## EXERCISE
Please copy the listing that follows exactly, leaving out any pictures.
─── INFORMATION SUPPLIED
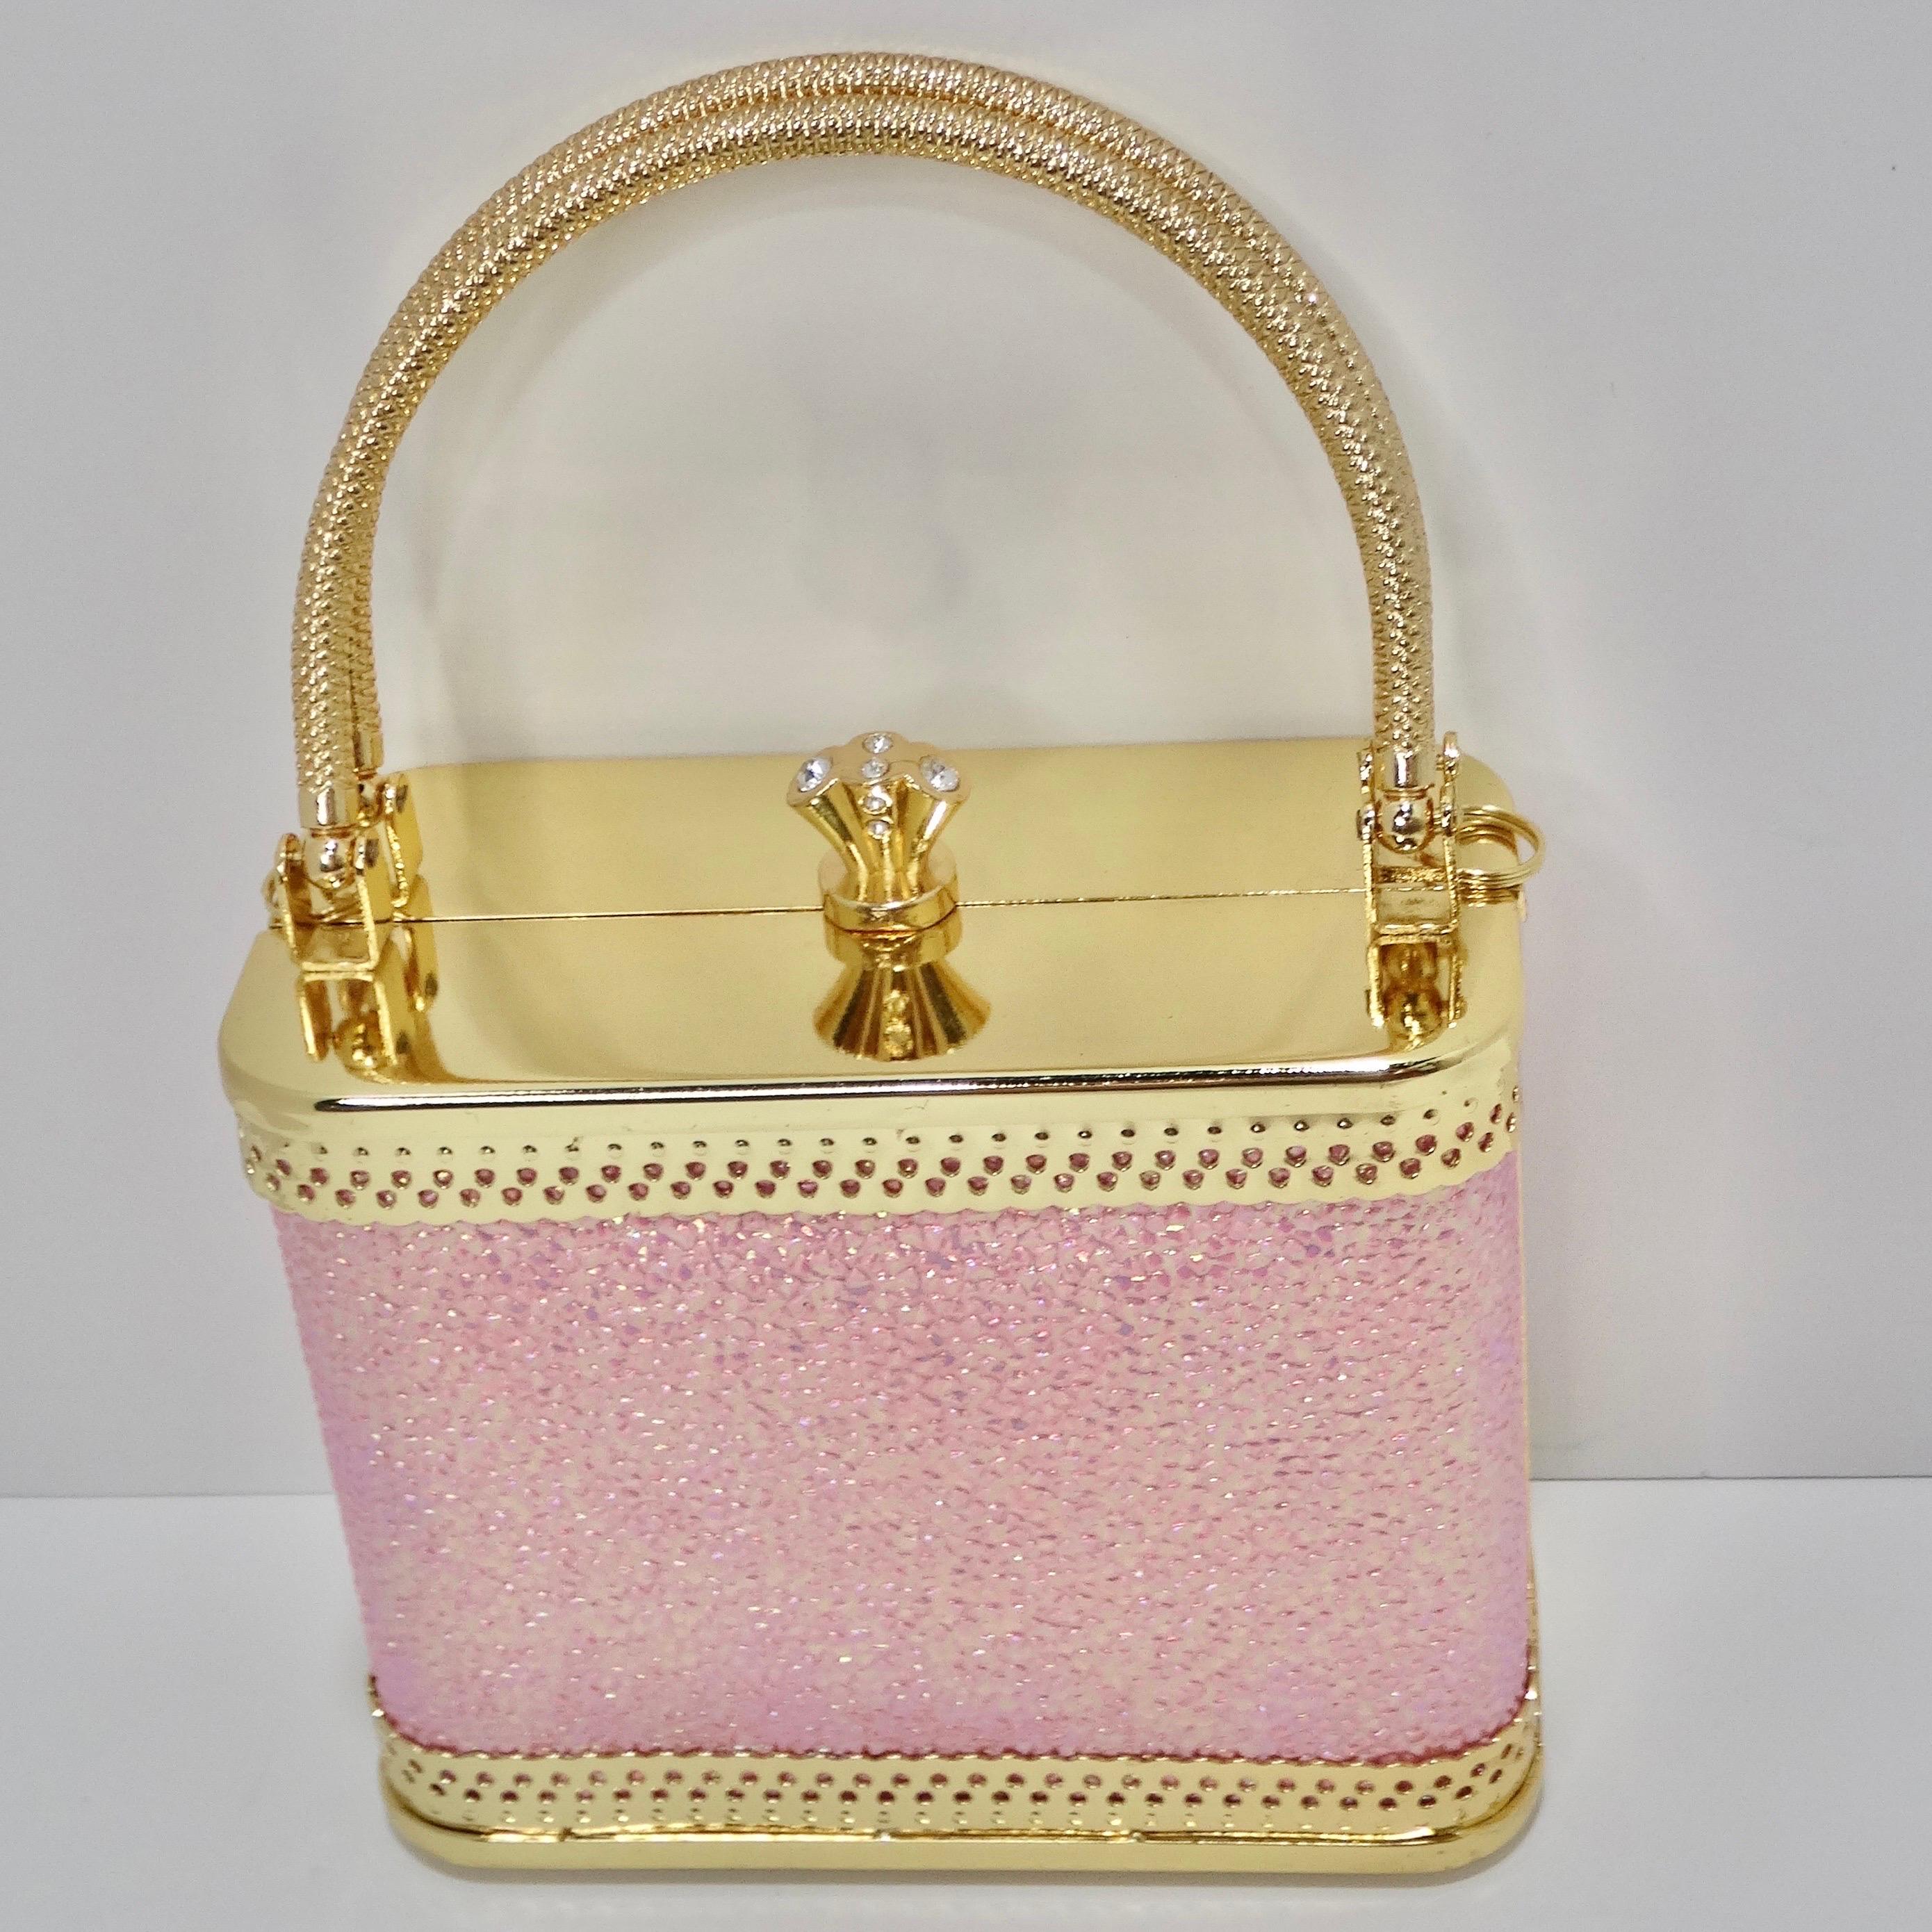 Ce mini-sac à main rose à paillettes de Colleen Lopez est vraiment adorable ! Accessoire de sortie idéal pour compléter votre look, cette pochette de style minaudière présente un contraste d'or plaqué et de rose scintillant qui attire l'attention.
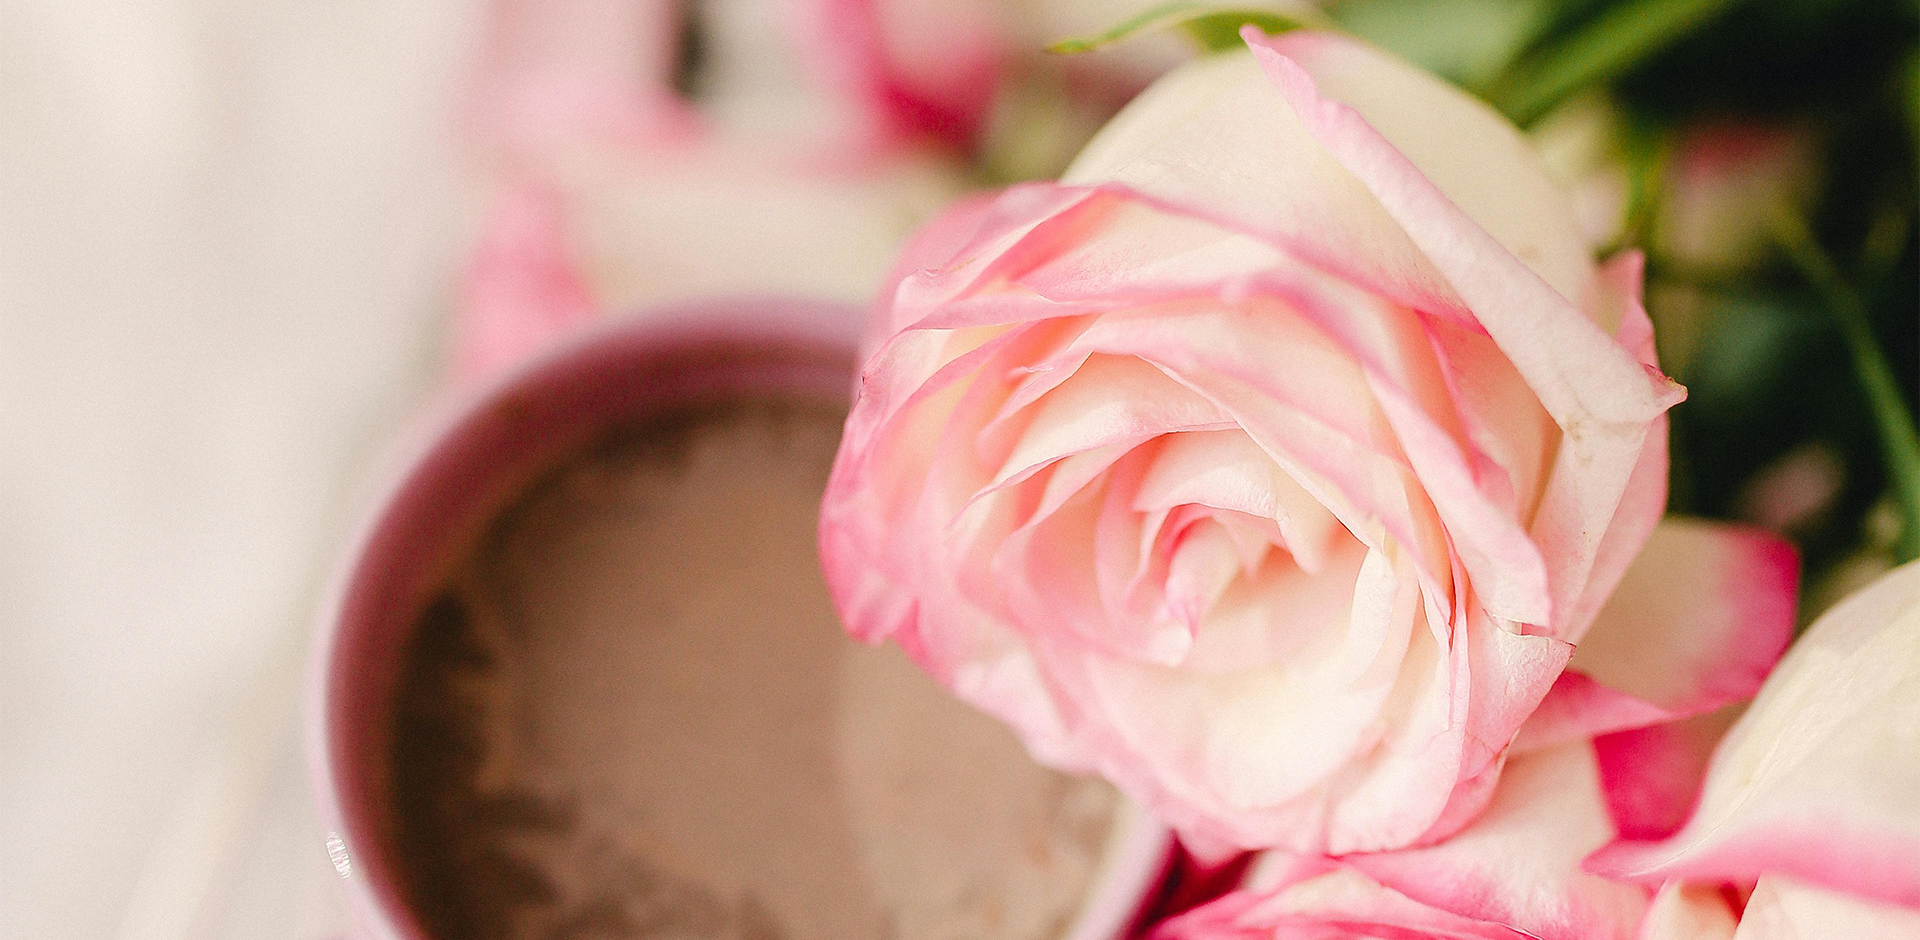 Vaaleanpunainen ruusu ja taustalla kahvikuppi.
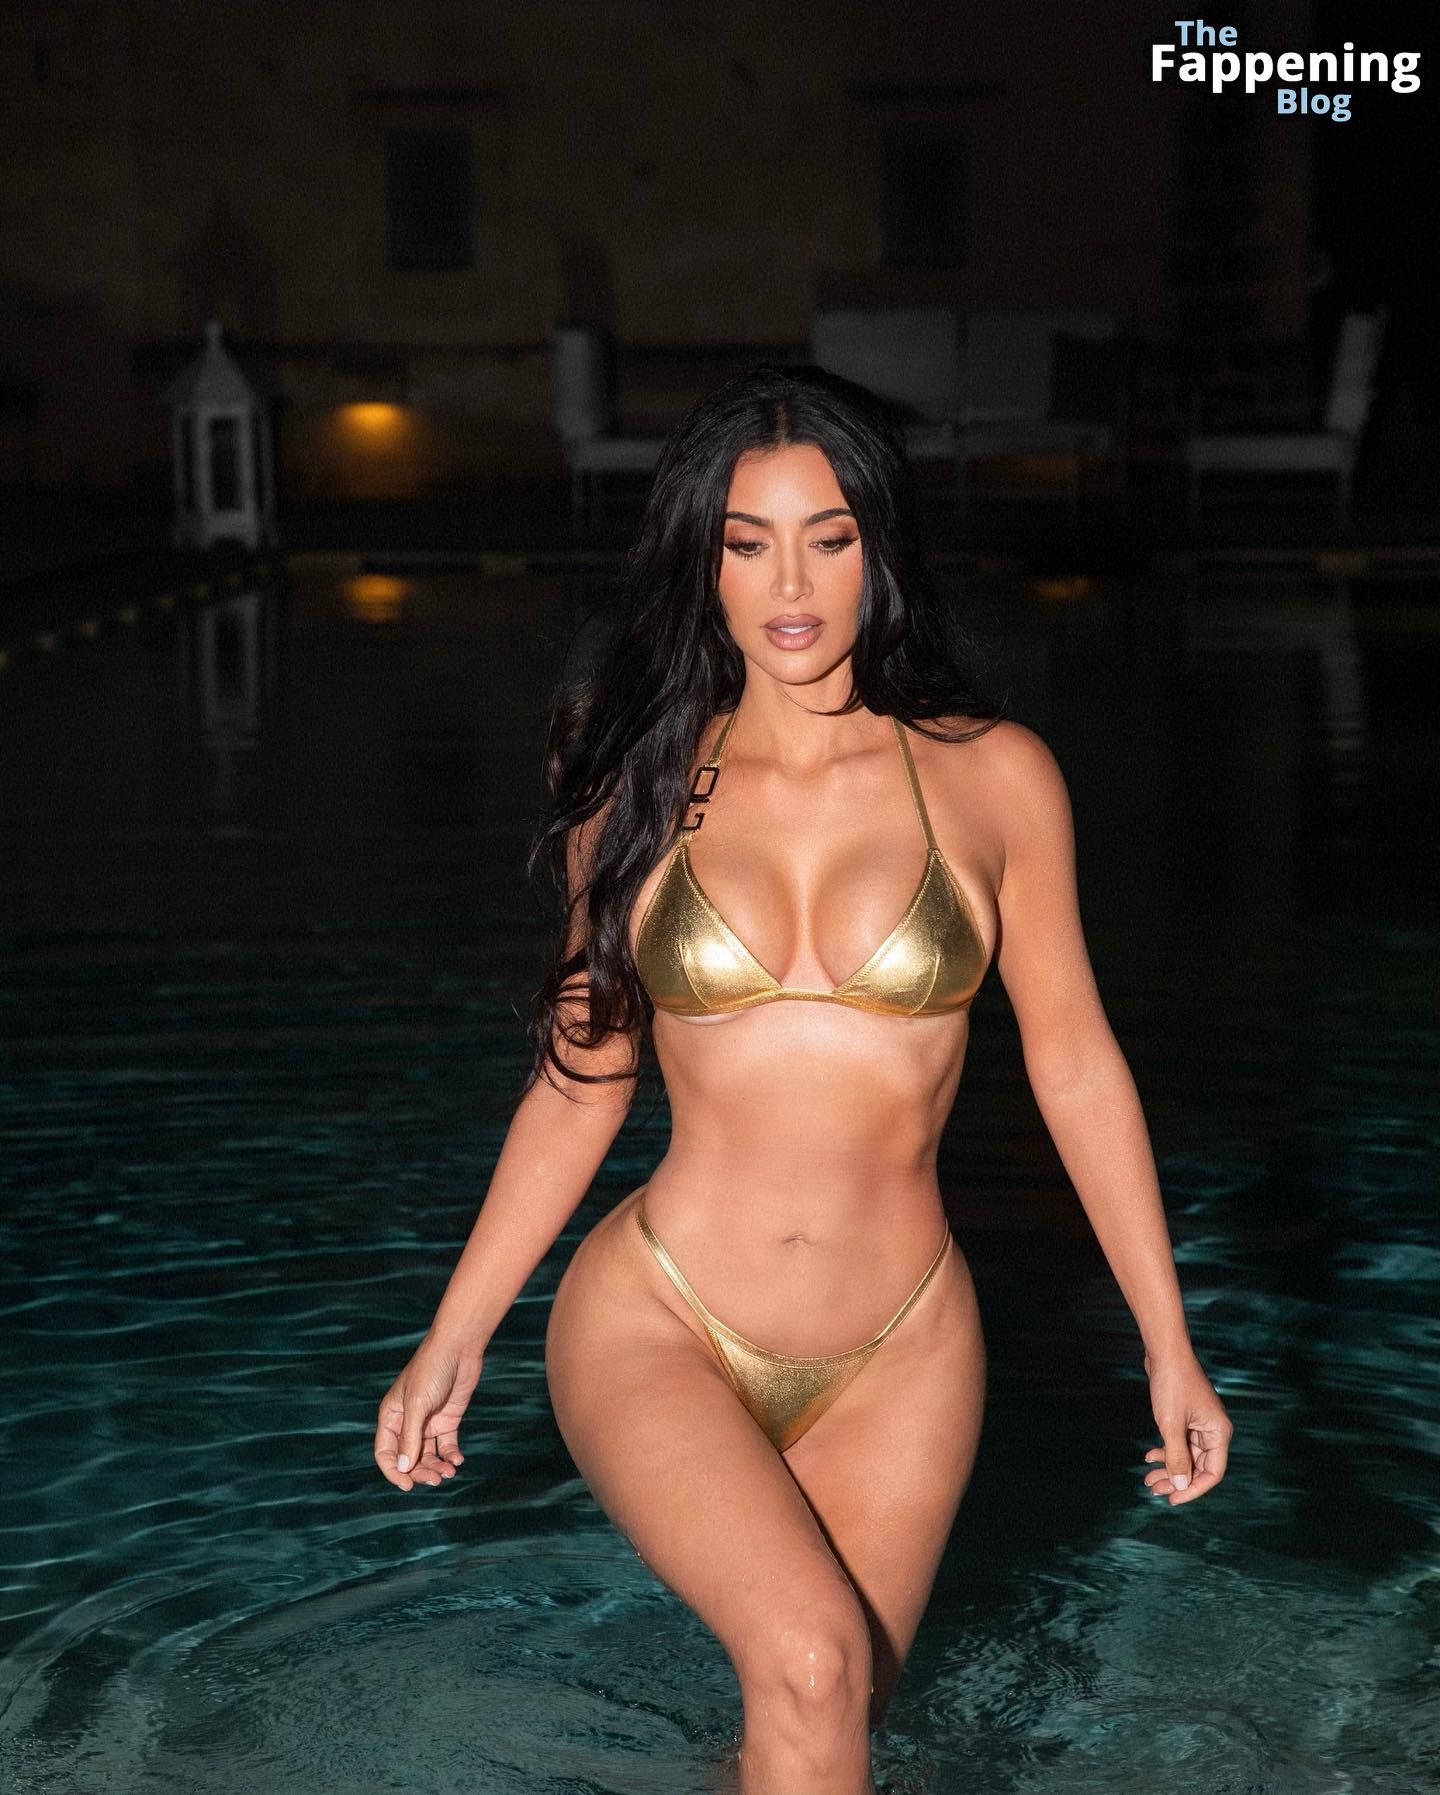 Kim-Kardashian-Sexy-The-Fappening-Blog-3-1.jpg
──────
## WRITTEN SOLUTION
 Ce mini-sac à main rose à paillettes de Colleen Lopez est vraiment adorable ! Accessoire de sortie idéal pour compléter votre look, cette pochette de style minaudière présente un contraste d'or plaqué et de rose scintillant qui attire l'attention.
 Vaaleanpunainen ruusu ja taustalla kahvikuppi.
 Kim-Kardashian-Sexy-The-Fappening-Blog-3-1.jpg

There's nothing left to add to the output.